Official Resources
Key Features
- HNSW ANN Index: Cosine/SSE distance with tunable efConstruction and efSearch parameters for optimized similarity search.
- Multimodal Storage: Store text, images, audio bytes plus JSON metadata in a unified database.
- Metadata Filtering: Advanced filtering with $eq, $ne, $in, $contains, $and, $or operators for precise queries.
- Full-Text Search: BM25 full-text search via ft_query for hybrid search capabilities.
- Flexible Embeddings: Defaults to all-MiniLM-L6-v2; plug in custom embedding functions via embedding_function parameter.
- Persistence Options: PersistentClient(path='./db') for disk storage or ephemeral Client() for in-memory operations.
- Multi-Language Support: Native clients for Python, JavaScript, Go, and C# with consistent APIs.
Code Examples
Python Installation & Setup
bash
pip install chromadb==1.0.12
Python Basic Usage
python
import chromadb
client = chromadb.PersistentClient("./chroma_db")

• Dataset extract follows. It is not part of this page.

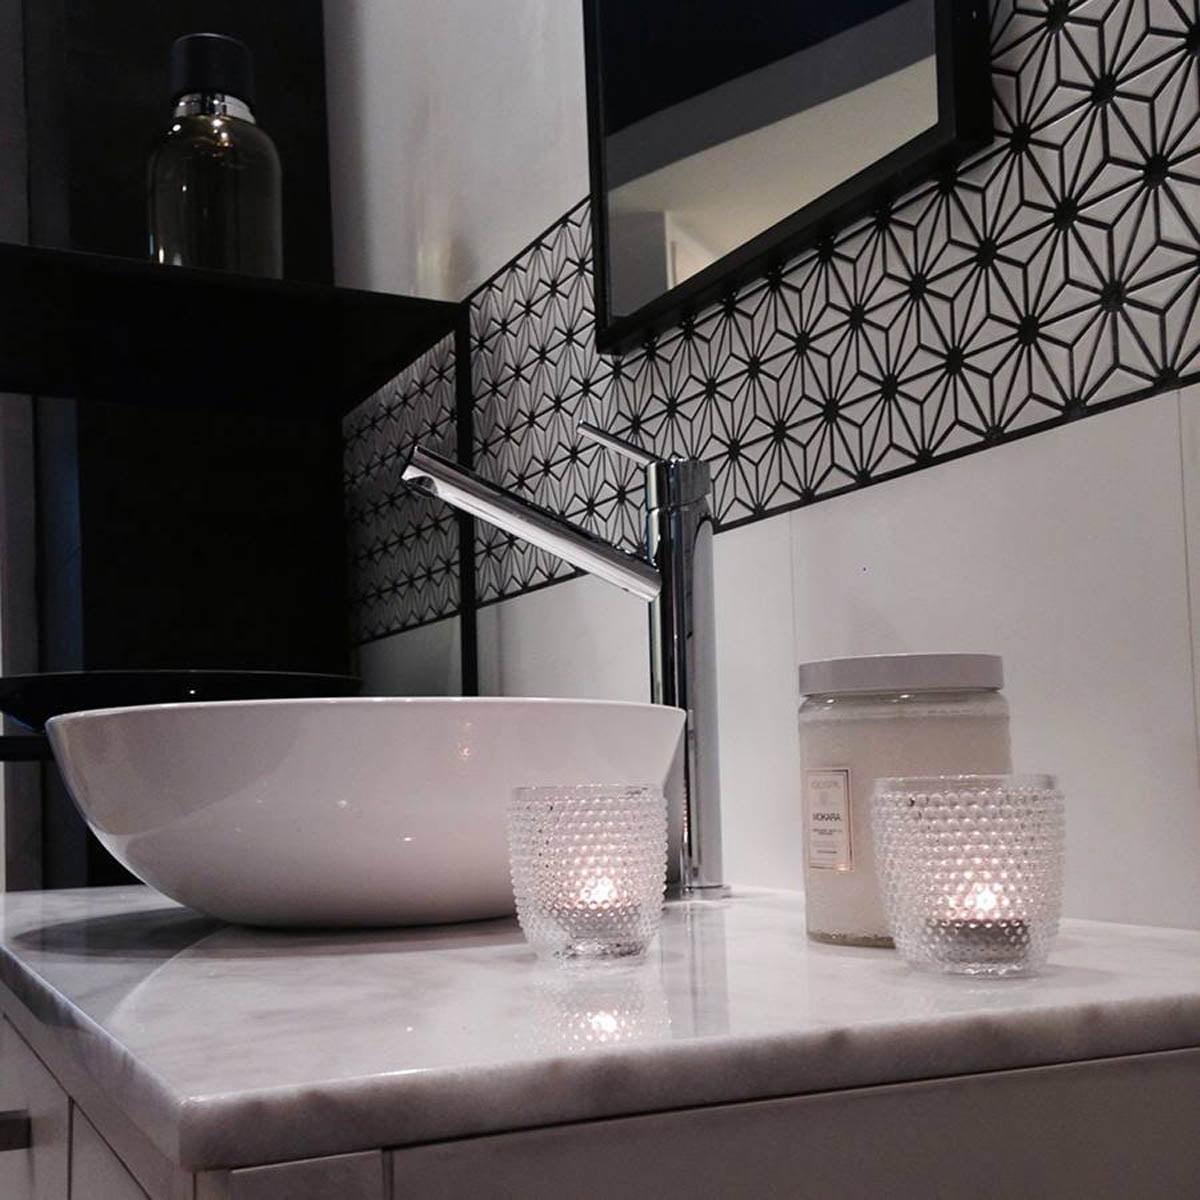 guardas il vanitori ambientaci n general para ba os On guardas decorativas para baños

col = client.get_or_create_collection("docs")
col.add(ids=["doc1"], documents=["Cats are great"])
hits = col.query(query_texts=["felines"], n_results=1)
print(hits["documents"][0][0]) # Cats are great
JavaScript/TypeScript Setup
bash
npm install chromadb@latest
JavaScript/TypeScript Usage
typescript
import { ChromaClient } from 'chromadb';
const client = new ChromaClient({ path: 'http://localhost:8000' });
const col = await client.createCollection({ name: 'docs' });
await col.add({ ids: ['doc1'], documents: ['Cats are great'] });
const res = await col.query({ queryTexts: ['felines'], nResults: 1 });
console.log(res.documents[0][0]); // Cats are great
LangChain Integration
python
# Install the bridge
# pip install langchain-chroma
from langchain_chroma import Chroma
from langchain_openai import OpenAIEmbeddings
vector_store = Chroma(
collection_name="my_collection",
persist_directory="./db",
embedding_function=OpenAIEmbeddings()
)
vector_store.add_texts(["Cats are great"])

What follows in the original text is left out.